# Hiwatt DR103 vs Marshall Plexi



## butterknucket (Feb 5, 2006)




----------



## krall (Apr 19, 2009)

...And the Marshall wins this shootout.


----------



## butterknucket (Feb 5, 2006)

They both sounded good, just different.


----------



## Guncho (Jun 16, 2015)

Really? I thought the Marshall sounded muffled.


----------



## krall (Apr 19, 2009)

Guncho said:


> Really? I thought the Marshall sounded muffled.


To me, the Hiwatt was too bright/thin.


----------



## Louis (Apr 26, 2008)

krall said:


> To me, the Hiwatt was too bright/thin.


This one sings !!


----------



## Chitmo (Sep 2, 2013)

Seems like silly things to compare. They’re not even the same wheelhouse!


----------



## Granny Gremlin (Jun 3, 2016)

Stupid comparison - should play both amps with SAME cab or both cabs with same amp (or even better - both of those so you know what's doing what). I would bet $100 most of the difff is Fane vs Celestion (which are fatter sounding).

The Marshall does sound better for such riffage solo, but I bet the Hiwatt would win 'in the mix' .... which is another consideration to keep in mind with such shootouts.


----------



## laristotle (Aug 29, 2019)

Granny Gremlin said:


> most of the difff is Fane vs Celestion


I had a '79 DR103 and two JCM800's ('84 & '86).
Probably not in the same league as the vid, but to me, the DR ruled (Fanes)


----------



## cboutilier (Jan 12, 2016)

My vote is for the Hiwatt.


----------



## butterknucket (Feb 5, 2006)

I also found myself preferring the Hiwatt.


----------



## aC2rs (Jul 9, 2007)

In this comparison I preferred the Hiwatt, IMO it sounds much more articulate than the Marshall.
The Marshall still sounded good, just a different voice.


----------



## reckless toboggan (Mar 9, 2019)

Marshall.

Especially so in this demonstration where the amps are isolated from a band.

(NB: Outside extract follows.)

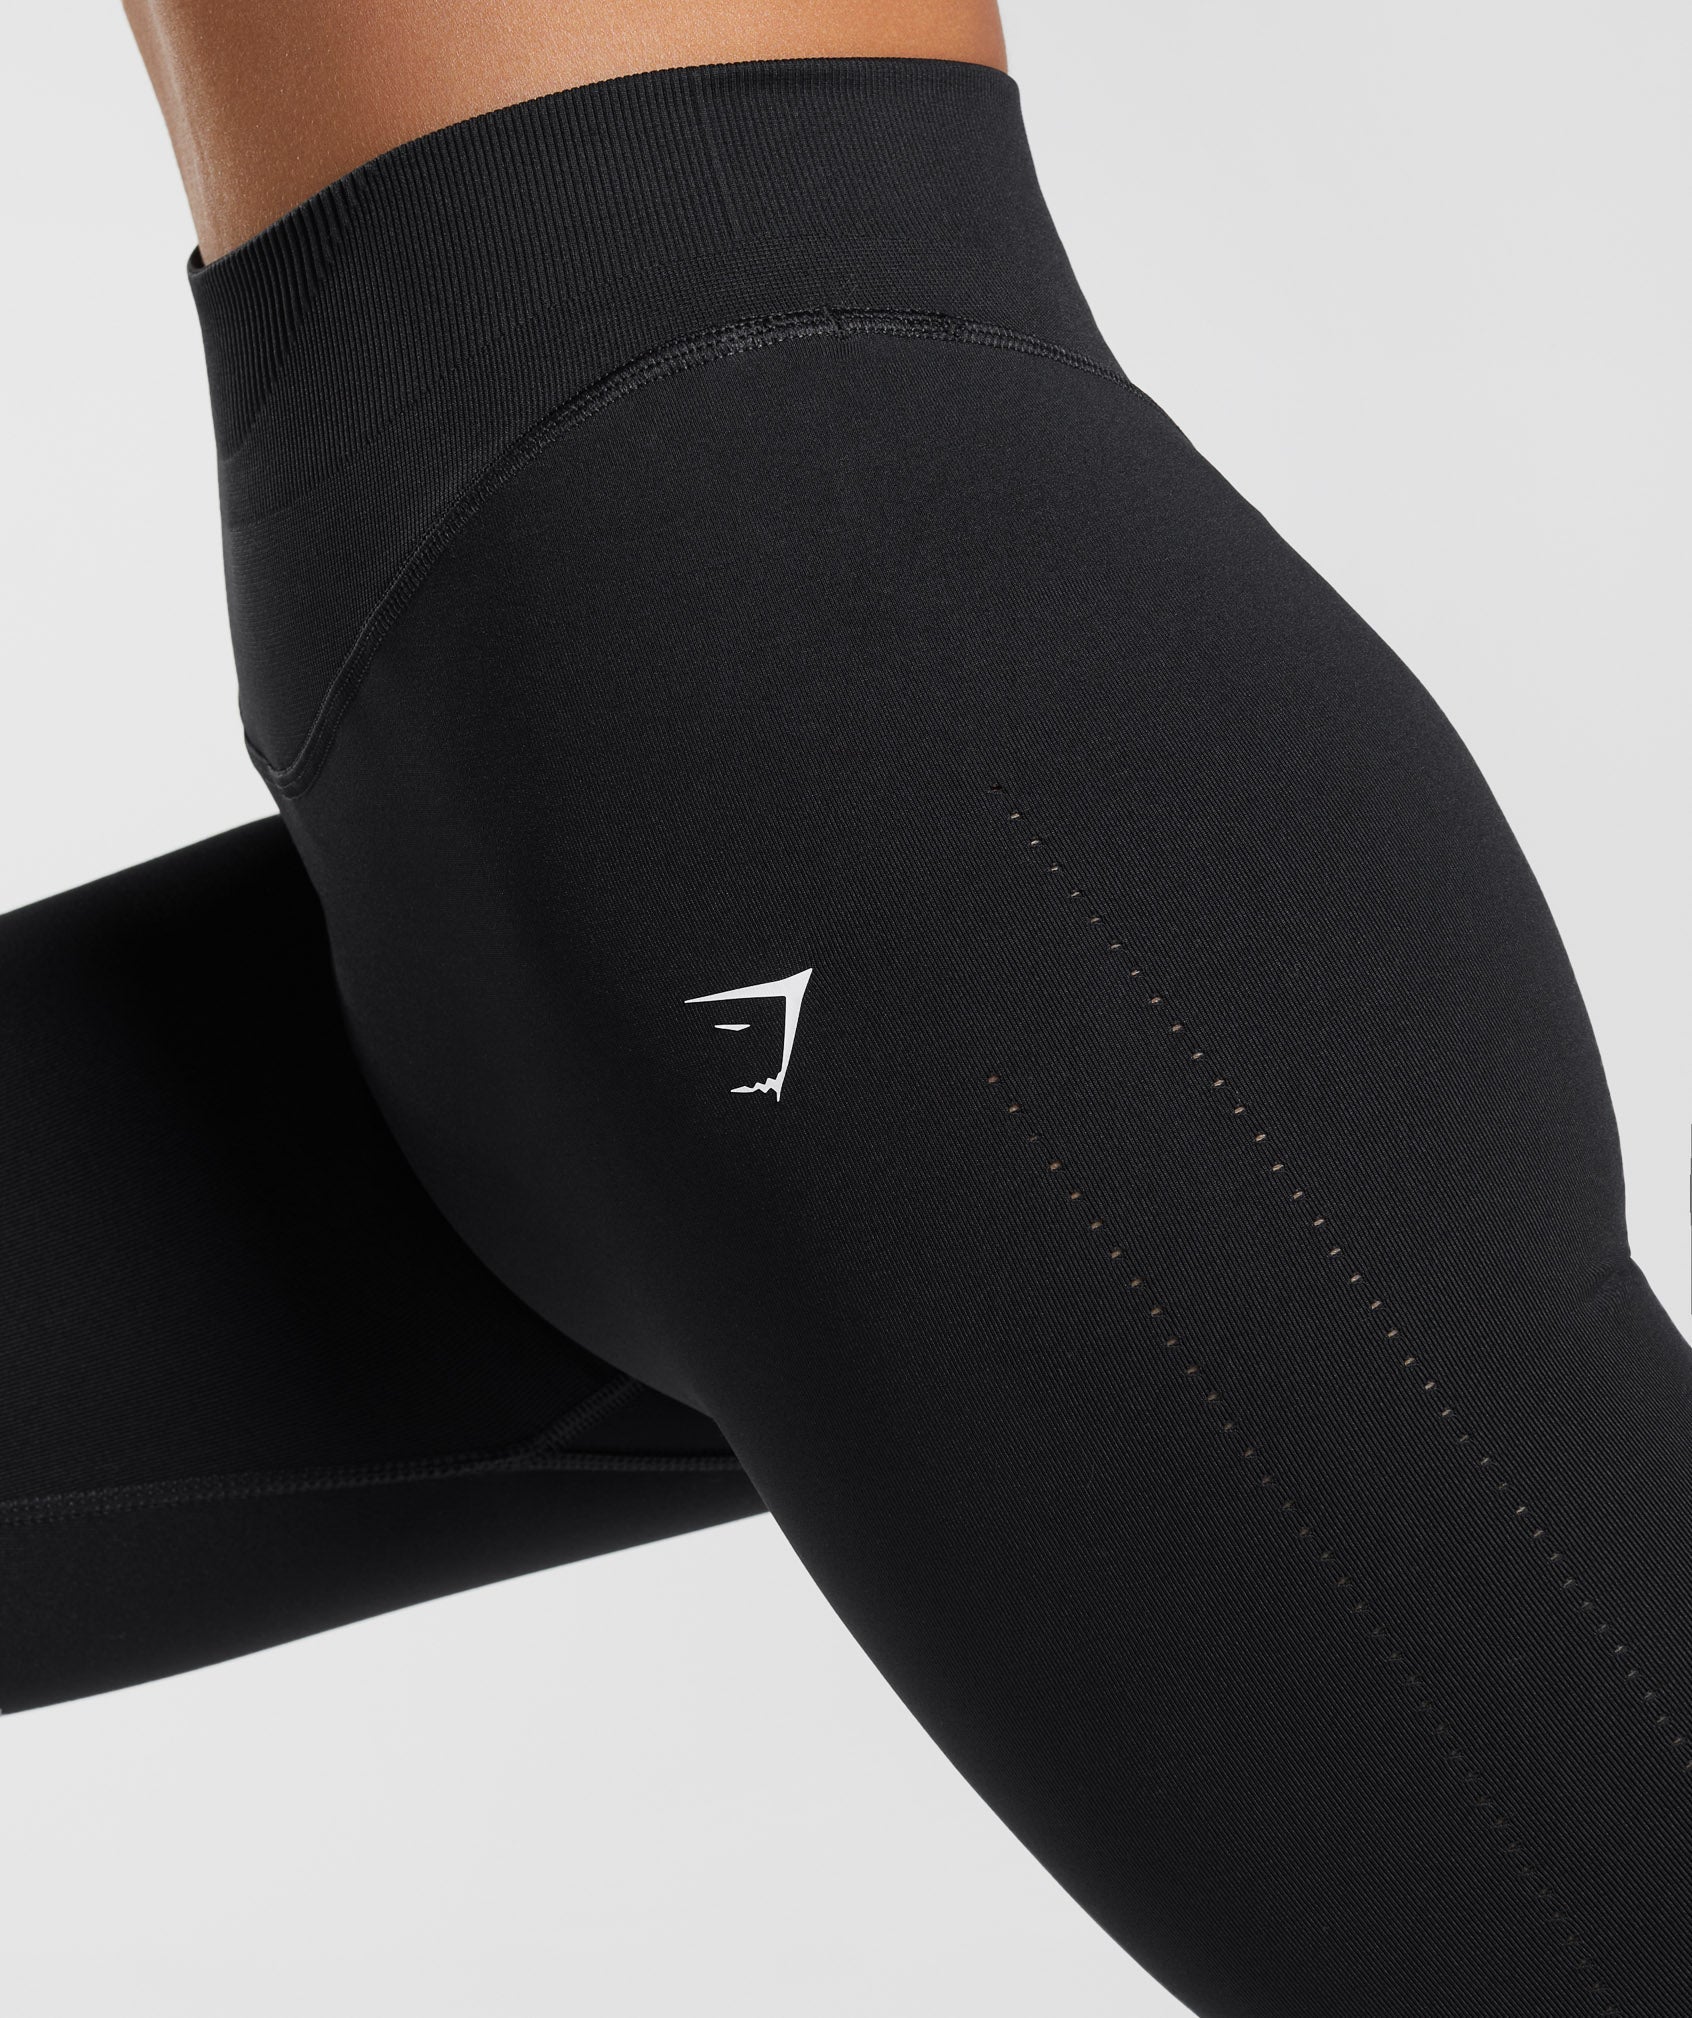 Crotch Sweat Stands No Chance Against These Seamless Leggings

Hiwatts have always sounded just a bit too thin/brittle to my ear. They can, and have, definitely sounded amazing given what else is going on in the context of a band, and in a given location. But on their own and more often than not, still just a bit too thin/brittle to my ear, and it's even more apparent to me when they're played on their own.

I absolutely hated Hiwatts (and fender amps, and telecasters) when I was younger and I could hear all of the high frequencies much better than I do now. The Hiwatt "cut", the Fender "sparkle", and the tele "twang" were like painful ice-picks in my ears, at least until I was in my mid 30s.

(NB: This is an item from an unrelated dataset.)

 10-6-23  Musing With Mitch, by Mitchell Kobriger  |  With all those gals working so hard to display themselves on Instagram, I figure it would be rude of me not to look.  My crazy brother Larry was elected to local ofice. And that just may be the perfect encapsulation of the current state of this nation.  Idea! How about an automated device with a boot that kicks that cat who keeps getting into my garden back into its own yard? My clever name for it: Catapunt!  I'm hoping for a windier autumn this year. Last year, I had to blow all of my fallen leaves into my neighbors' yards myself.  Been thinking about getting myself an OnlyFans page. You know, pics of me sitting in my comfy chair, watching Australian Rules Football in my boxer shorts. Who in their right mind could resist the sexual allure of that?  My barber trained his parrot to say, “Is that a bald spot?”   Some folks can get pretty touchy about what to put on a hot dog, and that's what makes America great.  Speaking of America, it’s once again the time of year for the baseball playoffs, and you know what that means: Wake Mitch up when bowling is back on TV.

As my hearing sensitivity has inevitably rounded off, as it does with us all, I've come to really enjoy Fender amps, telecasters, and Hiwatts too.

To my ear Marshalls sound better on their own and generally better in a wider variety of band contexts and locations, and that has been so to my ear over the years. Marshall (Plexi especially) with a Strat or Les Paul usually just sounds good to my ear in most situations and over the years, although as we all know there have been examples of terrible ice-picky Marshalls too, which I absolutely, painfully, loathed.

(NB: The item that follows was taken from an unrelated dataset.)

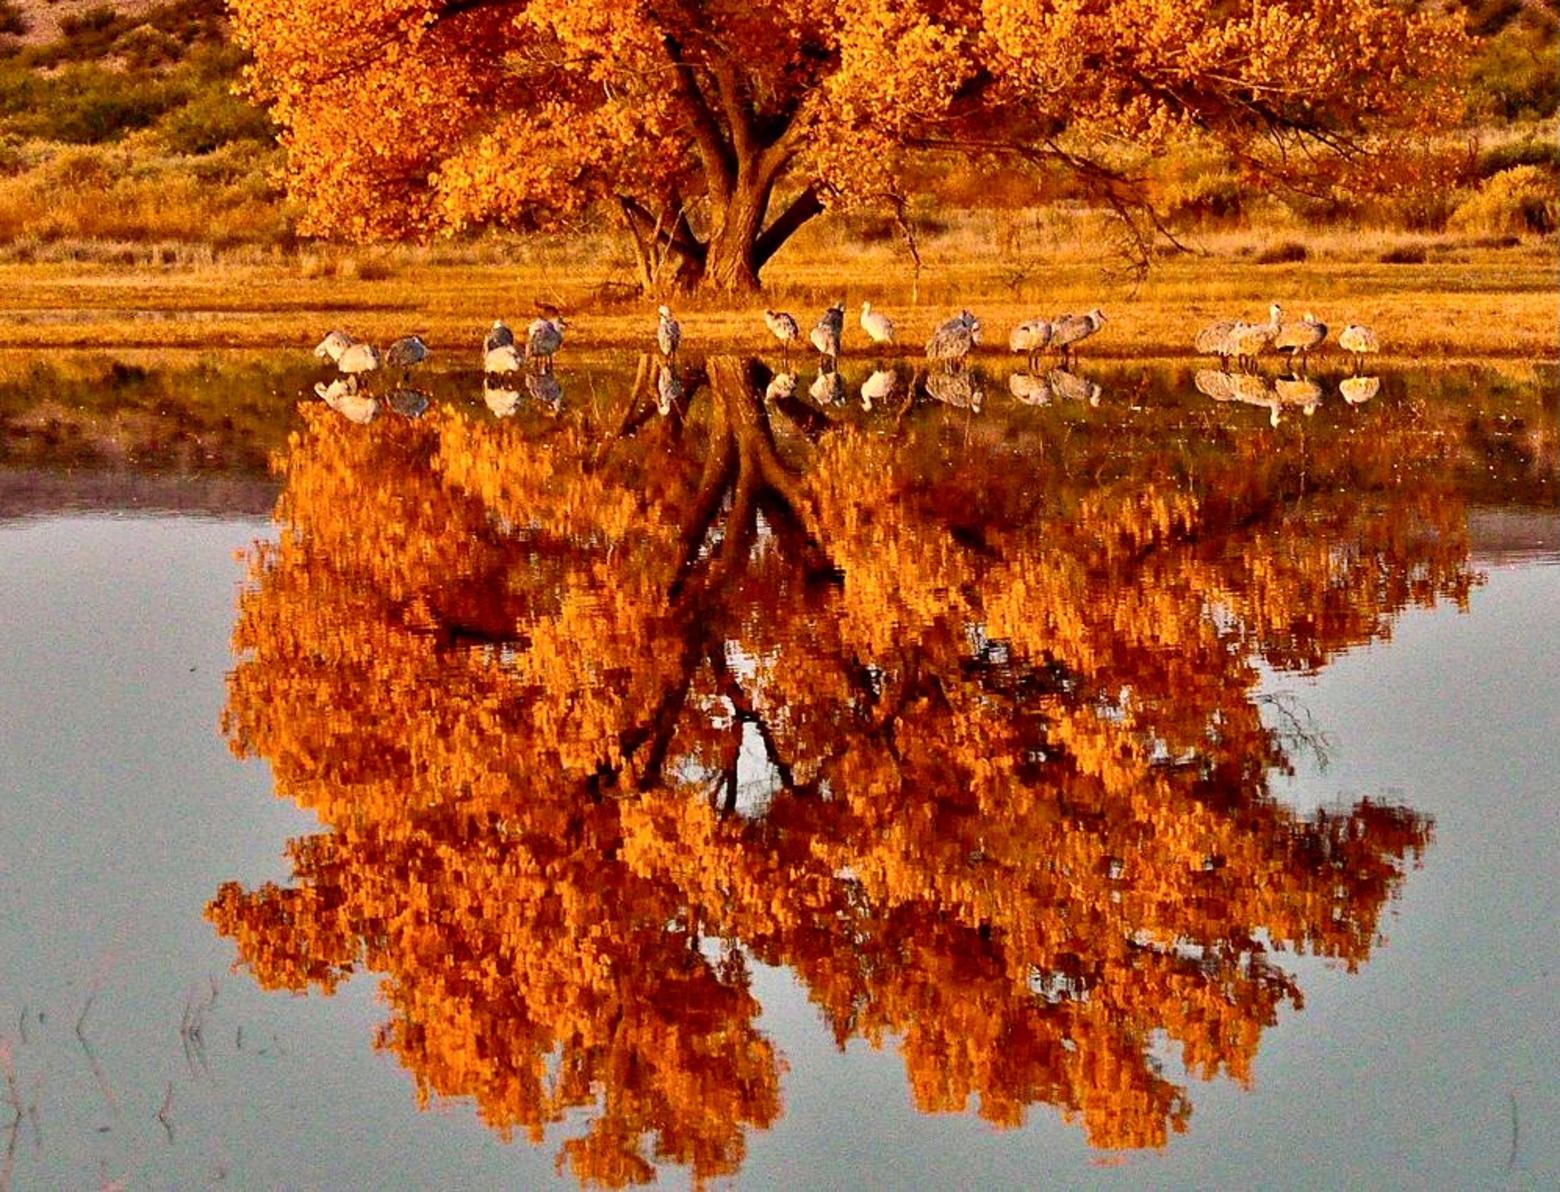 Sandhill cranes that have headed south to avoid the northern winter gather beneath a cottonwood tree whose final expression of color is reflected in the water.  Photo courtesy Robert Dunn/Wikipedia

In my old-ish age, again, as my hearing has rounded off in the high frequencies, the high-frequency ice-picks have been replaced with a permeant tinnitus, and I've really come to appreciate Telecasters through Marshalls, and Fender amps in general as well.


----------



## SG-Rocker (Dec 30, 2007)

The build quality and wire dress of a Hiwatt is unparalleled for a quasi-mass produced amp.

* the pokey sound is likely due to the Fanes.


----------



## bolero (Oct 11, 2006)

I used to run my '60's plexi thru a '72 Fane loaded 4x12, sounded pretty killer

the '73 DR103 also sounded fantastic through it though

I used to run them together, the Hiwatt DR103 halfstack & the Marshall JTM100 halfstack. 

sounded really, really good

so I guess I'd vote for both


----------



## Milkman (Feb 2, 2006)

I liked the Hiwatt. Both sounded good, but in a mix I think I’d prefer the Hiwatt.


----------



## pckpat (Aug 19, 2009)

I've always loved the sound of them both...to me it's like trying to choose between Fender and Gibson.


----------